Penerbangan kargo, khususnya yang mengangkut barang-barang bernilai tinggi atau sensitif terhadap waktu, kini menghadapi potensi penundaan karena jadwal pemeliharaan untuk pesawat bertenaga Rolls-Royce diperpanjang. Tantangan ini menambah ketidakpastian pada sistem logistik global yang sudah tertekan, yang menyebabkan lonjakan permintaan karena peningkatan aktivitas e-commerce dan pengiriman musiman saat liburan. Keterbatasan ini telah memaksa operator kargo untuk mengkonfigurasi ulang rute dan menyesuaikan jadwal pengangkutan untuk meminimalkan gangguan pada rantai pasokan yang bergantung pada pengiriman tepat waktu.

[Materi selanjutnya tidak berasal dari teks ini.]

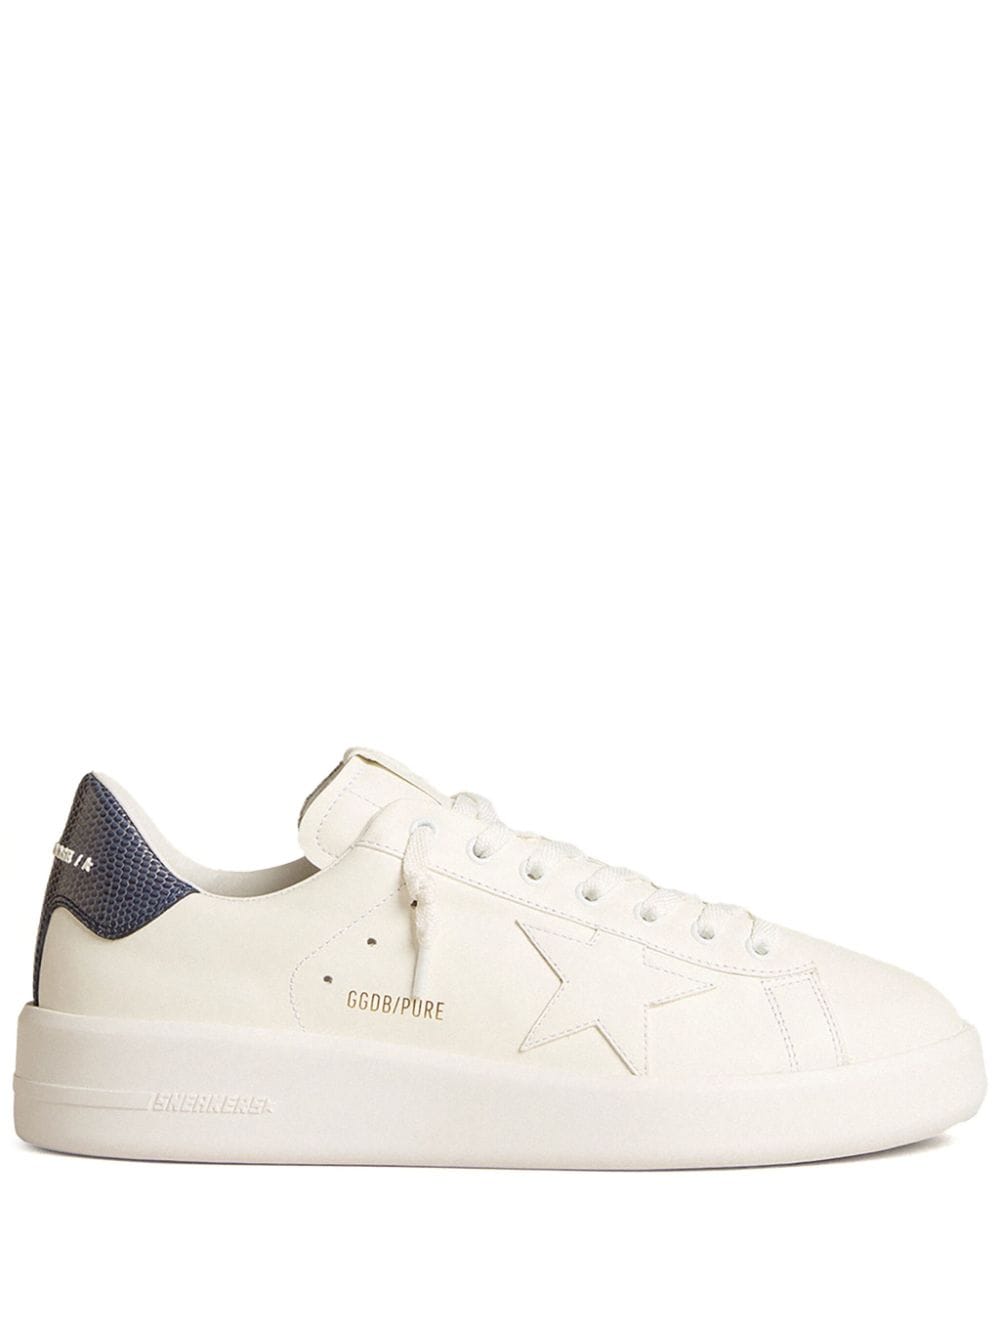 Golden Goose Purestar Leather Sneakers In Gold

Selain itu, perusahaan ekspedisi yang bergantung pada layanan kargo transatlantik yang andal kini menghadapi peningkatan biaya karena terbatasnya ruang kargo, karena lebih sedikit pesawat yang tersedia meningkatkan persaingan untuk mendapatkan slot. Bagi perusahaan yang mengandalkan angkutan udara untuk memindahkan barang-barang dengan permintaan tinggi – seperti elektronik, obat-obatan, dan barang-barang yang mudah rusak – penundaan ini dapat menyebabkan kekurangan pasokan, kenaikan harga, dan tenggat waktu pengiriman yang terlewat.

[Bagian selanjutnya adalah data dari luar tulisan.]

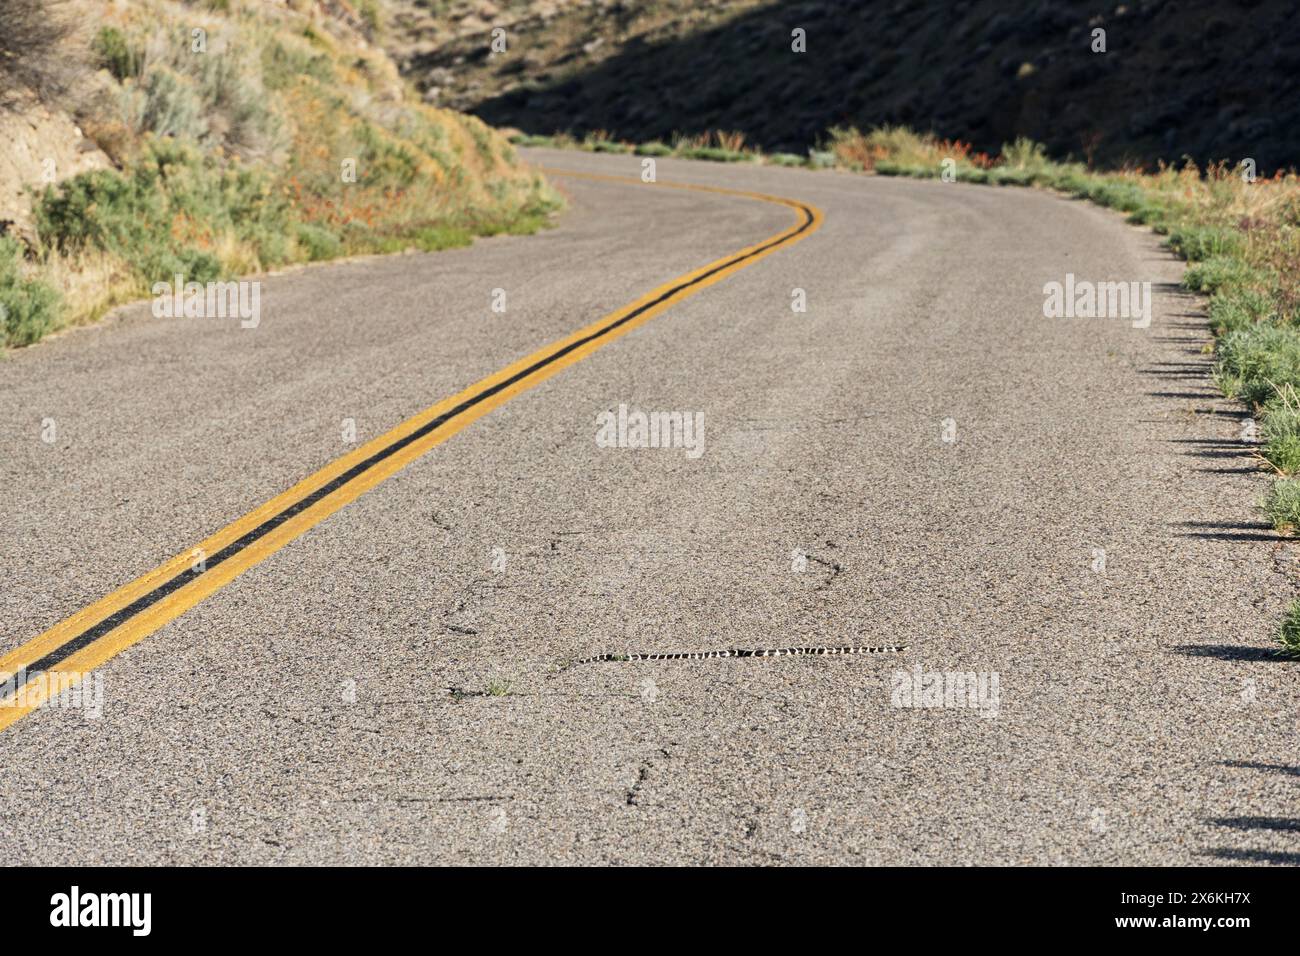 California kingsnake or Lampropeltis californiae sunning itself on a rural road in the Inyo Mountains Stock Photo

Implikasi yang Lebih Luas bagi Industri
Pakar industri memperingatkan bahwa penundaan Rolls-Royce mencerminkan masalah yang lebih luas di sektor kedirgantaraan, ketika perusahaan bergulat dengan lonjakan permintaan pascapandemi dan simpanan logistik. Dengan banyaknya komponen yang memerlukan rekayasa presisi dan pengiriman jarak jauh, industri dirgantara sangat rentan terhadap gangguan rantai pasokan. Analis Ian Campbell dari Aviation Logistics Group menjelaskan, "Tantangan yang dihadapi Rolls-Royce sangatlah signifikan, karena rantai pasokan dirgantara telah diatur dengan baik. Bahkan gangguan kecil pun dapat meningkat menjadi tantangan logistik yang besar."
Insiden ini mendorong British Airways dan maskapai penerbangan lainnya untuk menjajaki diversifikasi pemasok mesin dan mitra pemeliharaan untuk mengurangi ketergantungan pada satu sumber. Hal ini juga menimbulkan pertanyaan mengenai ketahanan rantai pasokan di industri kedirgantaraan, dimana banyak pihak yang menganjurkan peningkatan investasi dalam teknologi logistik dan rantai pasokan multi-sumber untuk menahan gangguan di masa depan.